__Given information__.

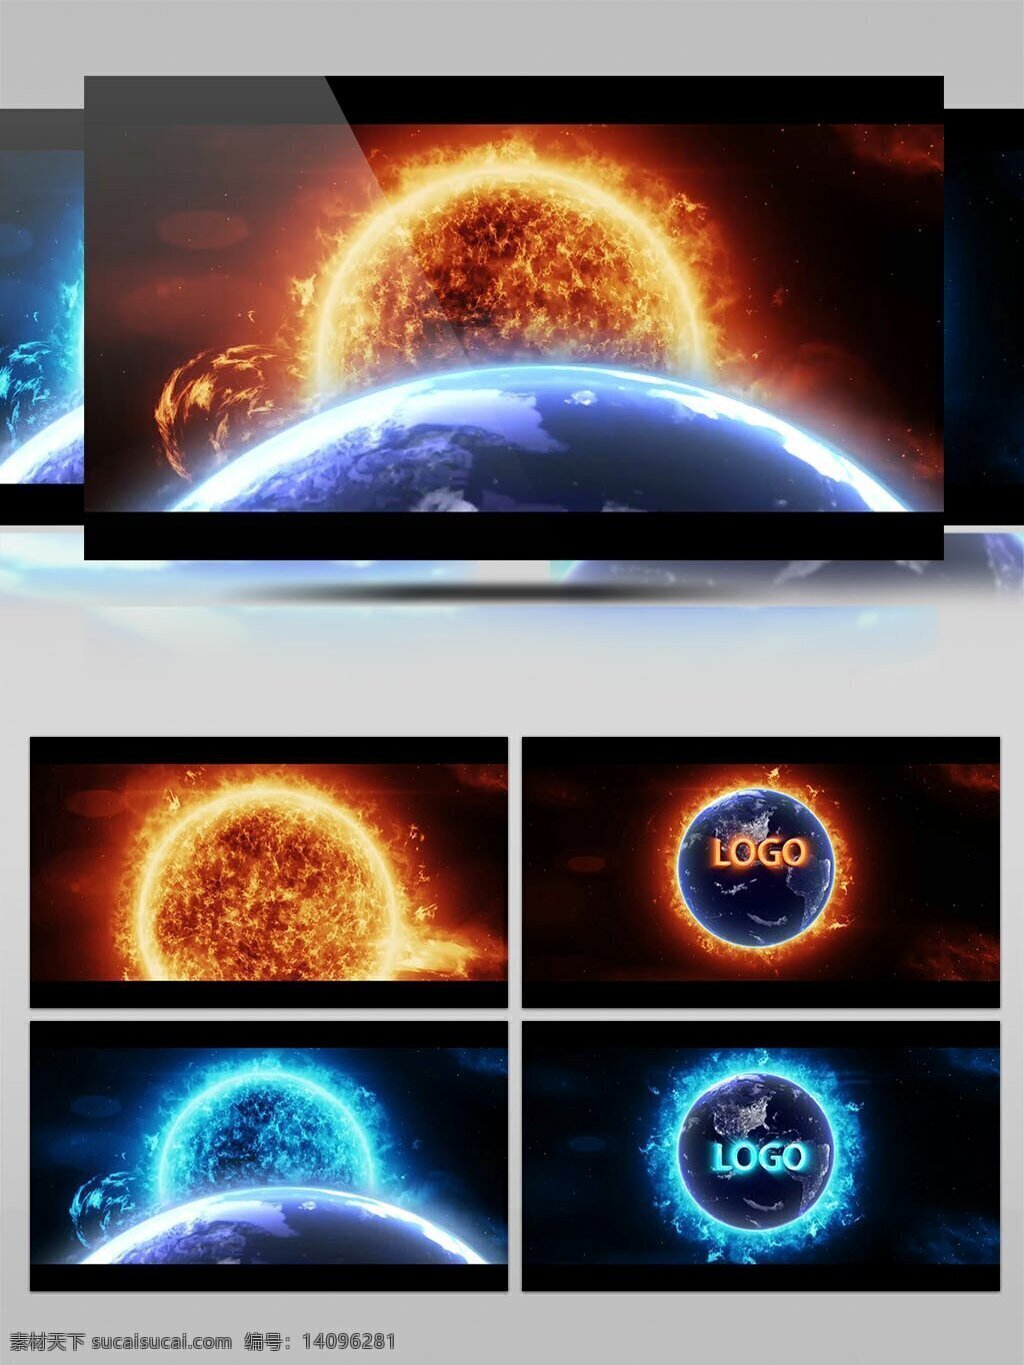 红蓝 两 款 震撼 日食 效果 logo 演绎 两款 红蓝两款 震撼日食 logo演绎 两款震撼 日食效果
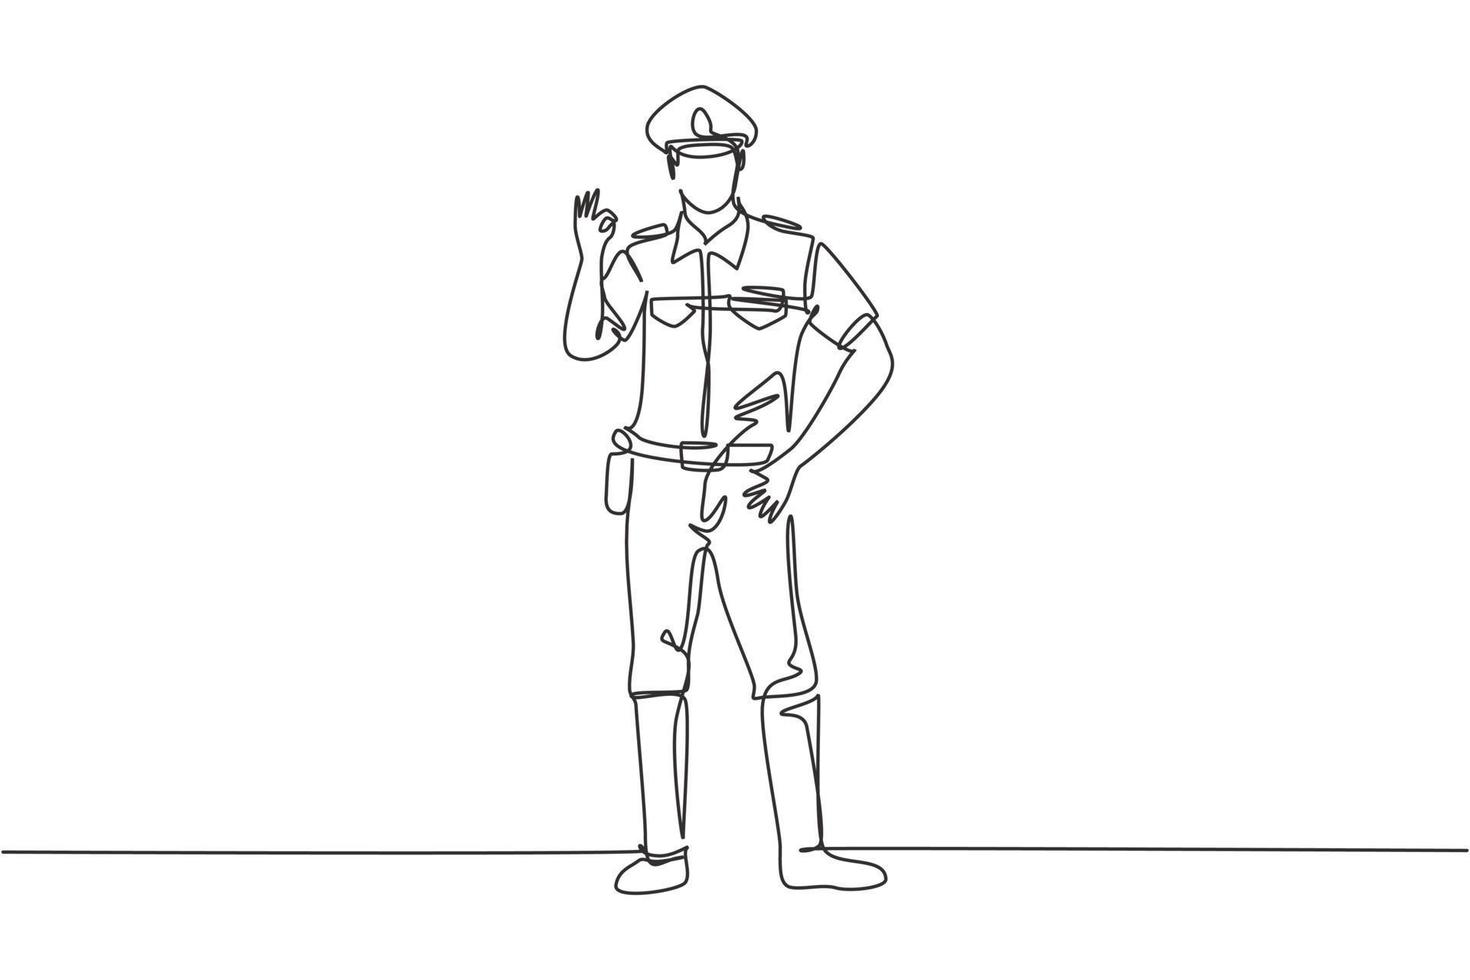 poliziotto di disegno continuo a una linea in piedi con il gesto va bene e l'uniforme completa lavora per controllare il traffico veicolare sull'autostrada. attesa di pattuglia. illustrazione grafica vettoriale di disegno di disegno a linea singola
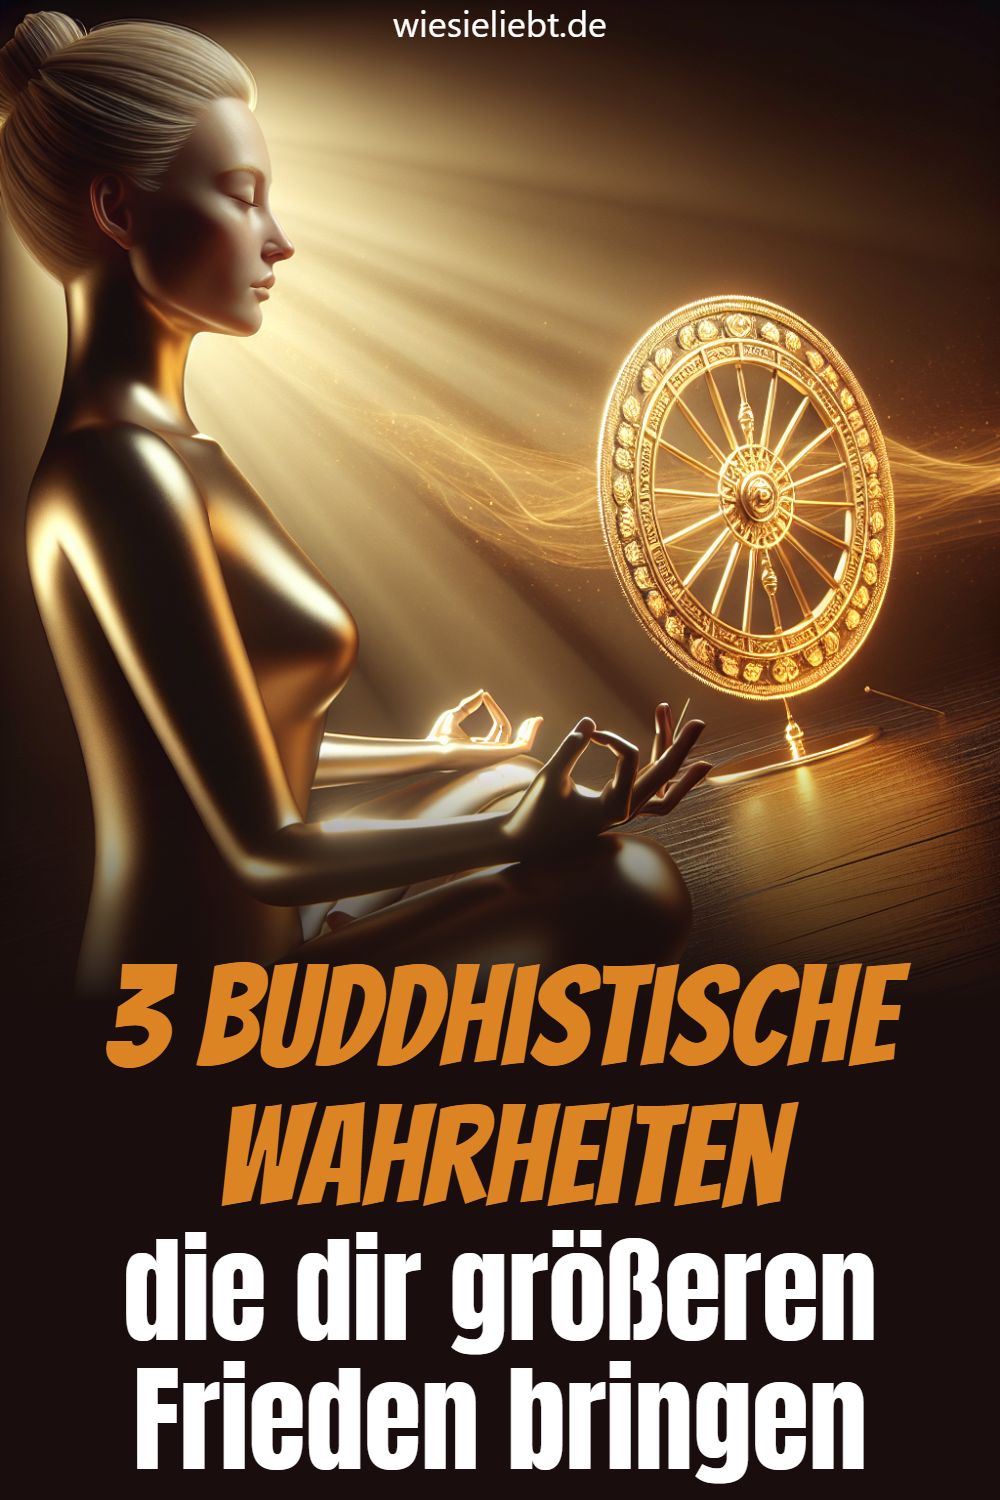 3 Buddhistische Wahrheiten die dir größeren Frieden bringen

__Exercise details__. A word-for-word copy of the data above is needed, one that omits the pictures.

__Task response__.
 红蓝 两 款 震撼 日食 效果 logo 演绎 两款 红蓝两款 震撼日食 logo演绎 两款震撼 日食效果
 poliziotto di disegno continuo a una linea in piedi con il gesto va bene e l'uniforme completa lavora per controllare il traffico veicolare sull'autostrada. attesa di pattuglia. illustrazione grafica vettoriale di disegno di disegno a linea singola
 3 Buddhistische Wahrheiten die dir größeren Frieden bringen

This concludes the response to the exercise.